Problem requirements:
A faithful copy of the data, pictures omitted, is the required answer.

Dataset content:
***

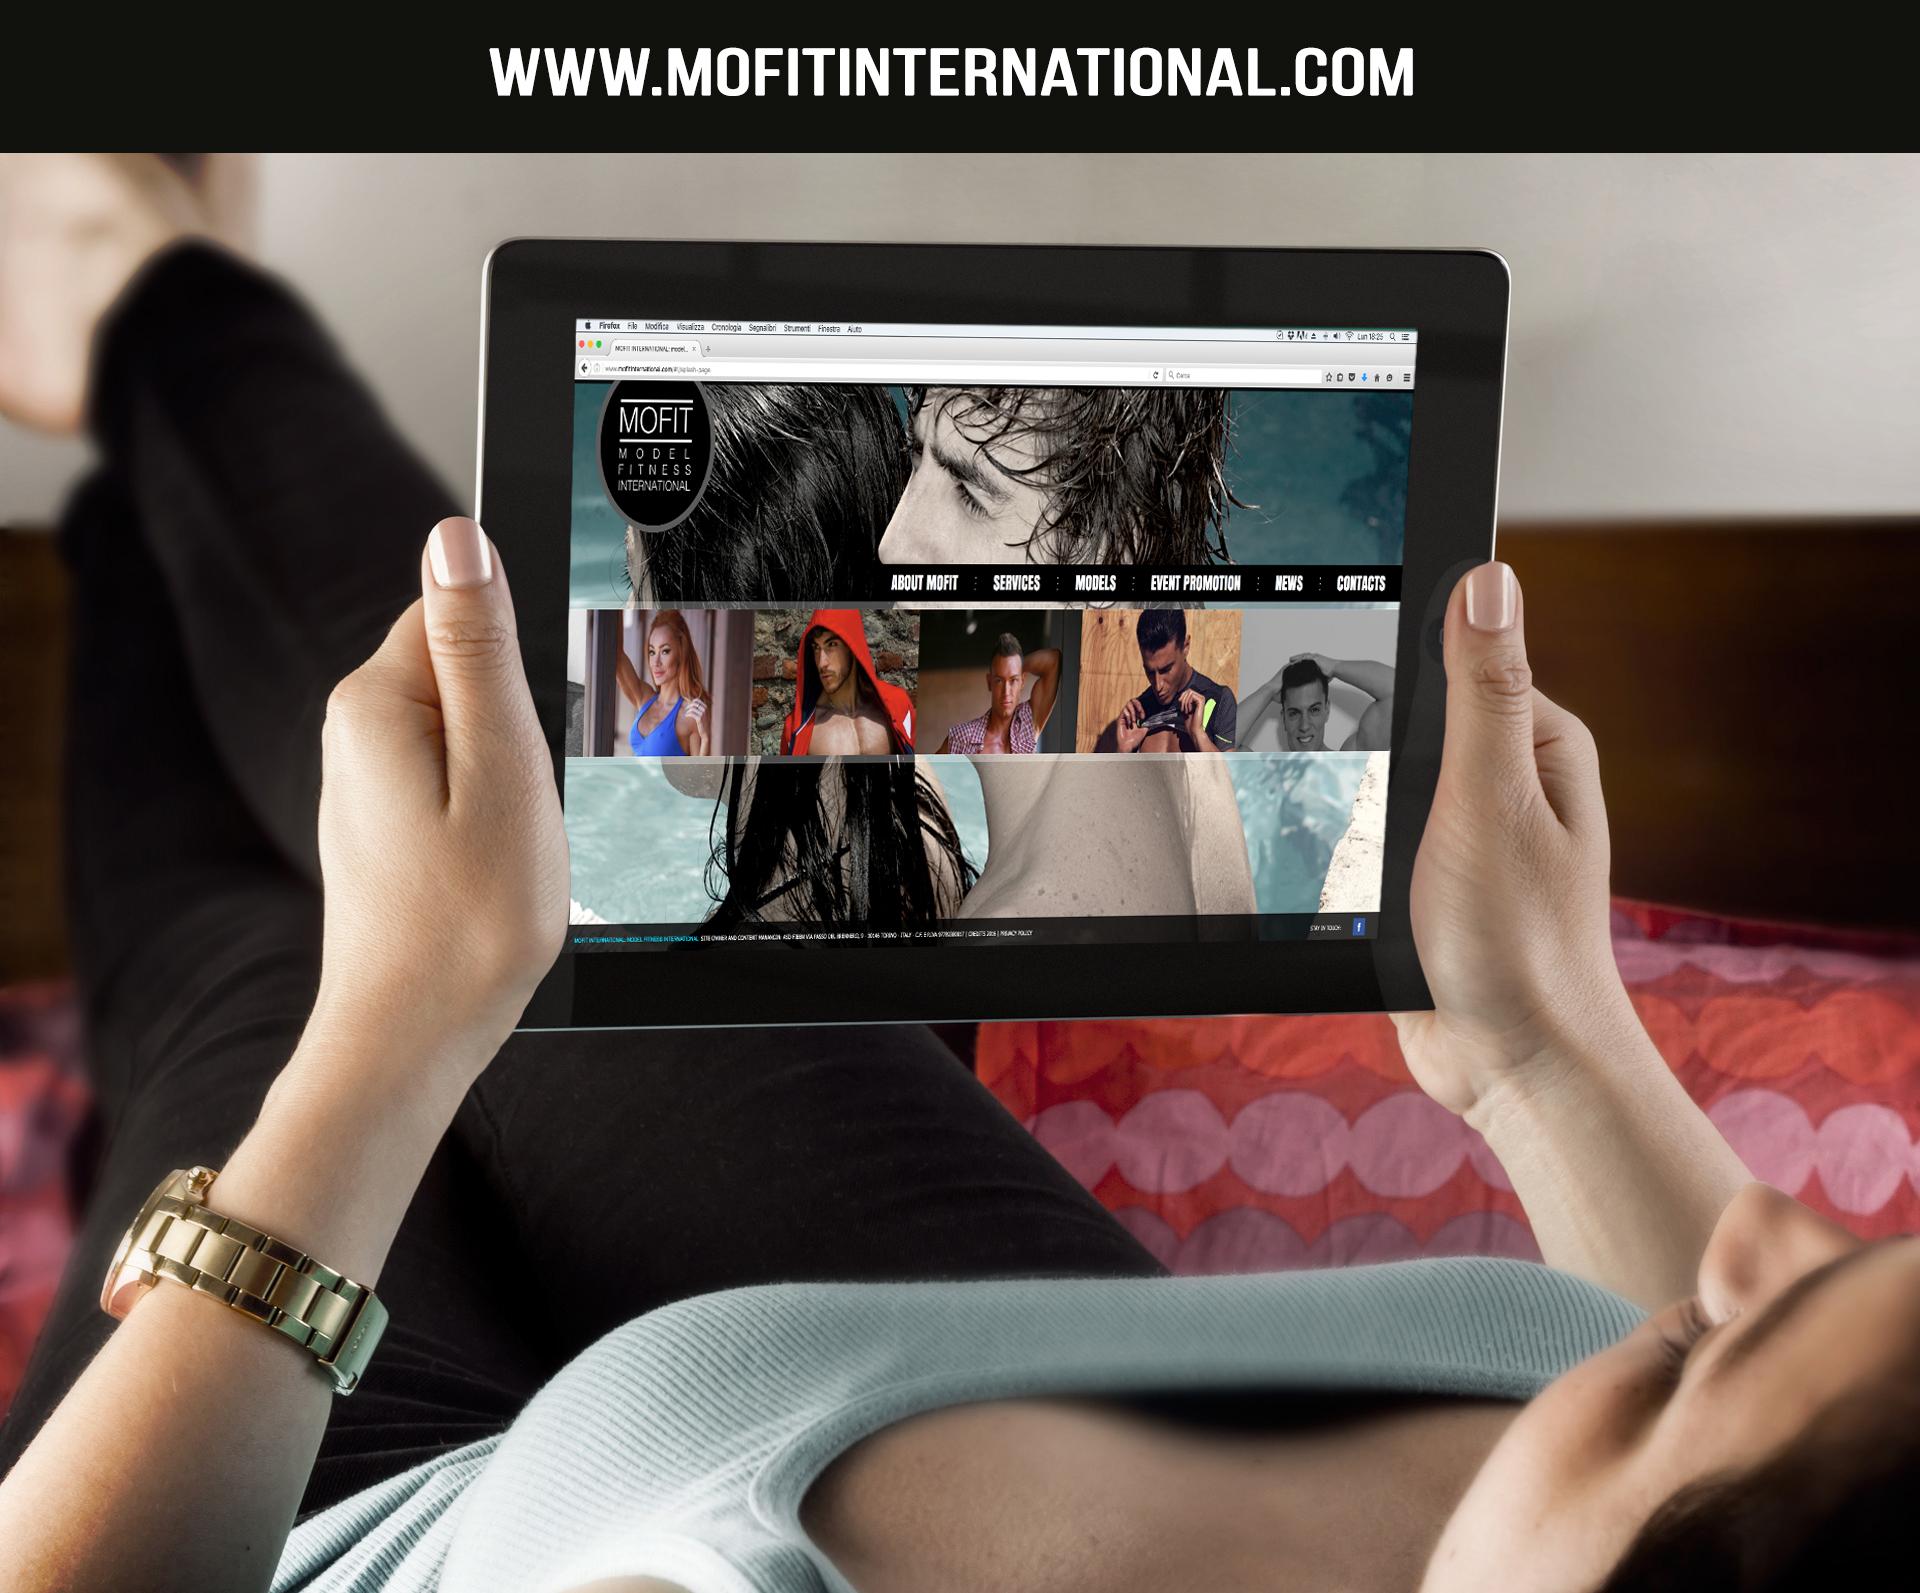 mofit_model fitness international
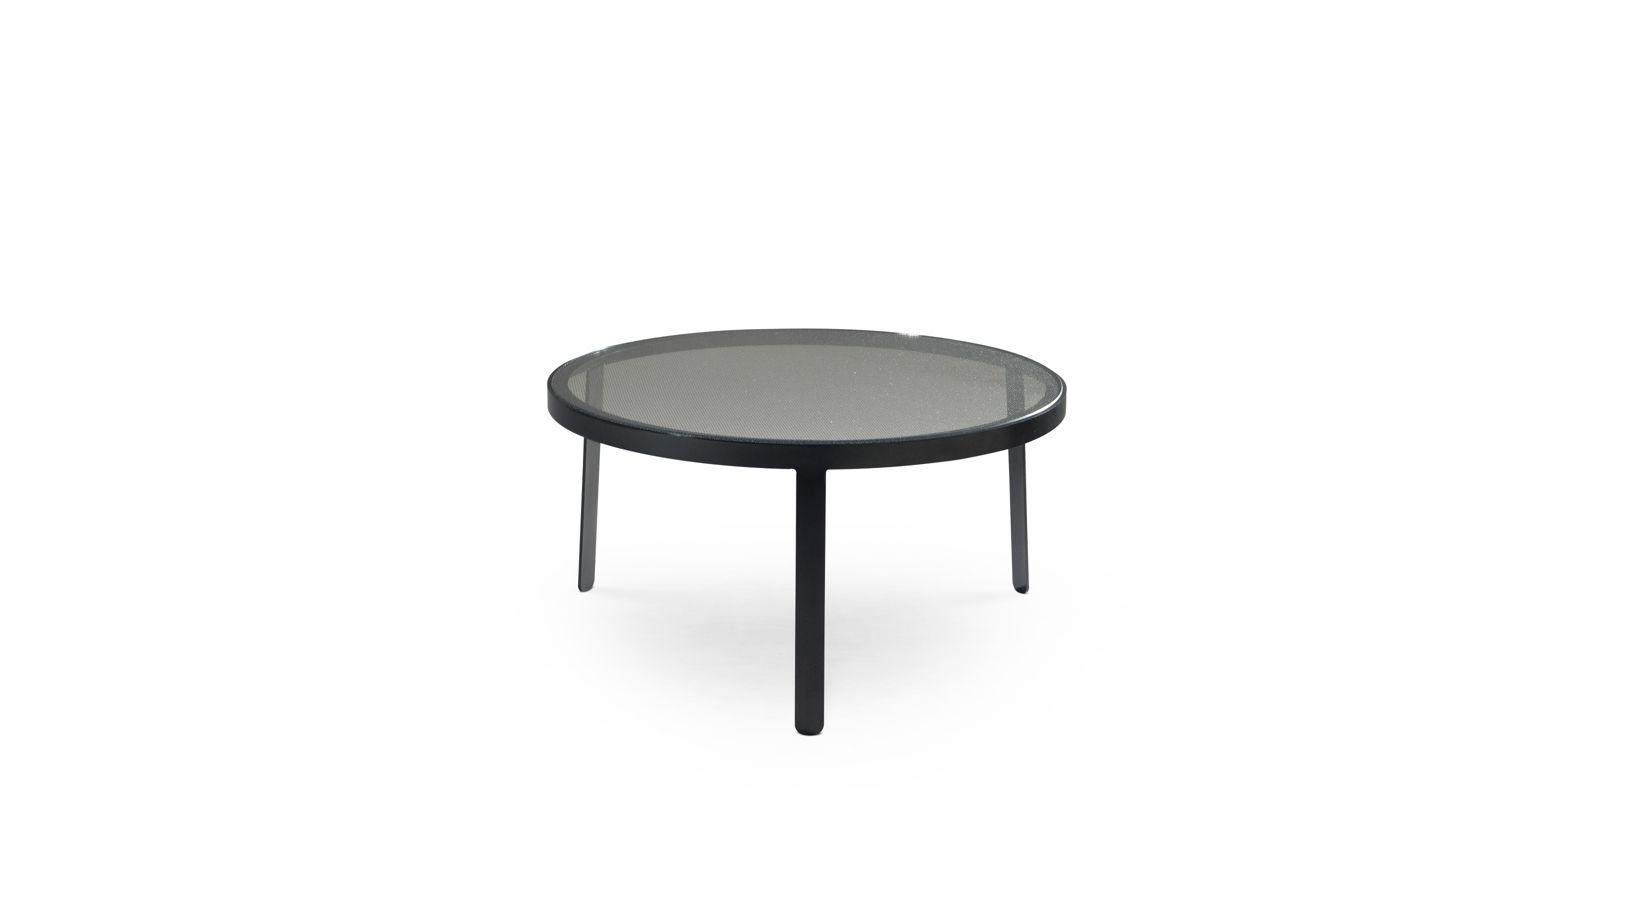 Biz pedestal table roche bobois for Canape roche bobois kenzo
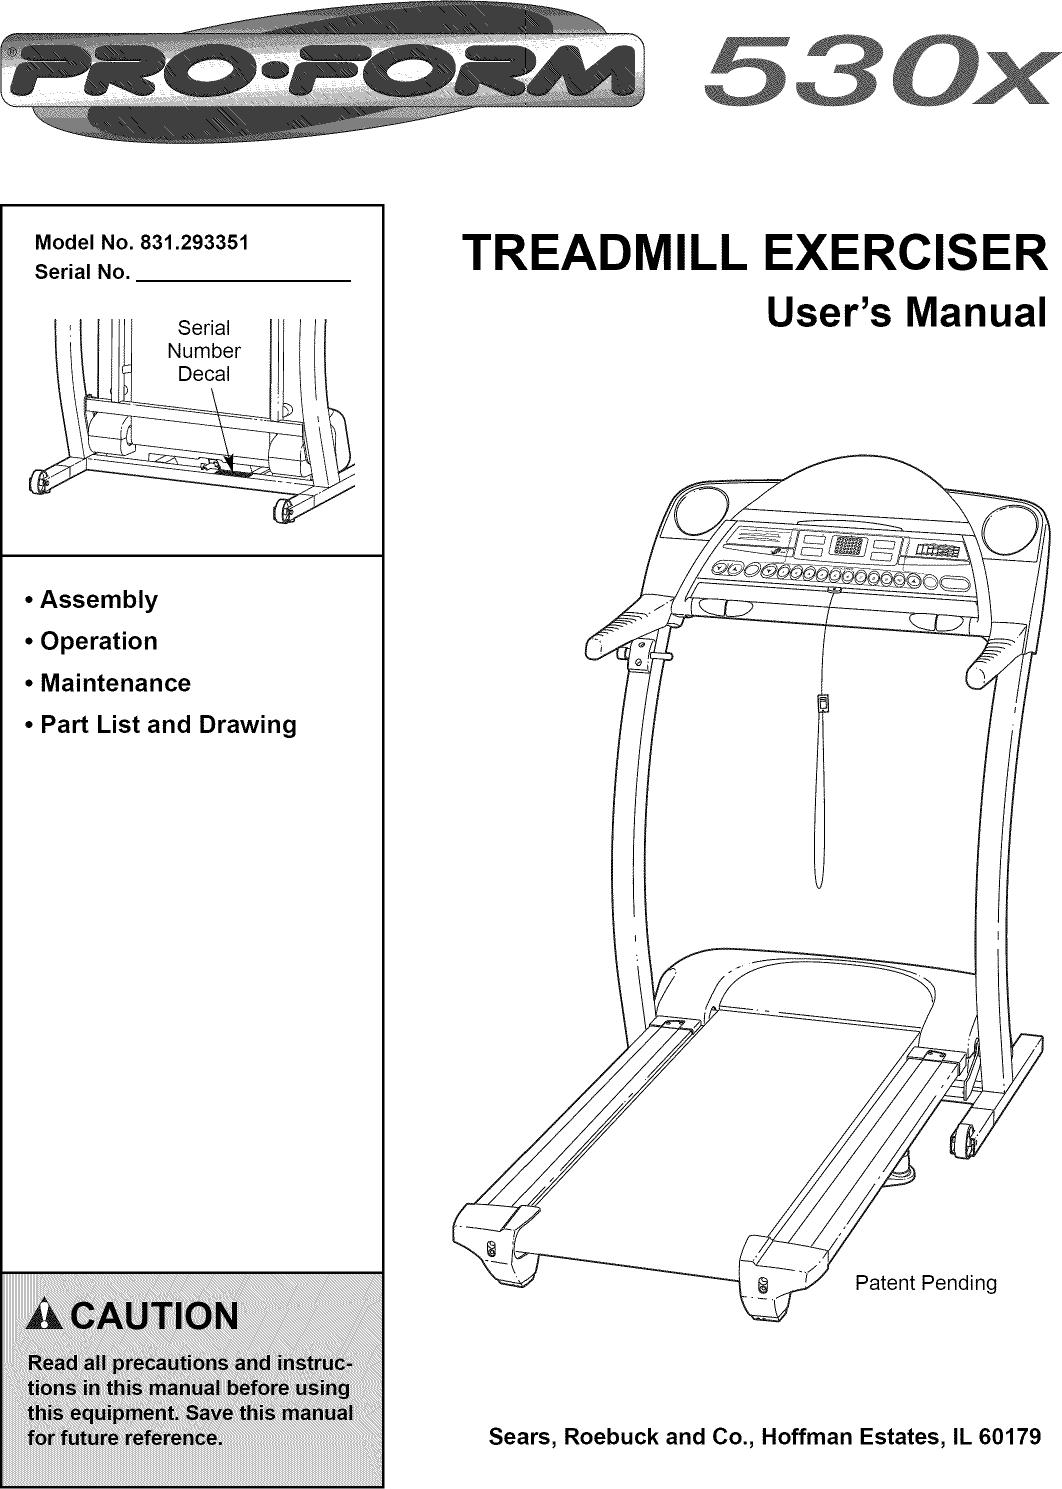 Proform 831293351 User Manual 530x Manuals And Guides L0811504 Treadmill Wiring Diagram

***

Answer to the problem:
 mofit_model fitness international
 Biz pedestal table roche bobois for Canape roche bobois kenzo
 Proform 831293351 User Manual 530x Manuals And Guides L0811504 Treadmill Wiring Diagram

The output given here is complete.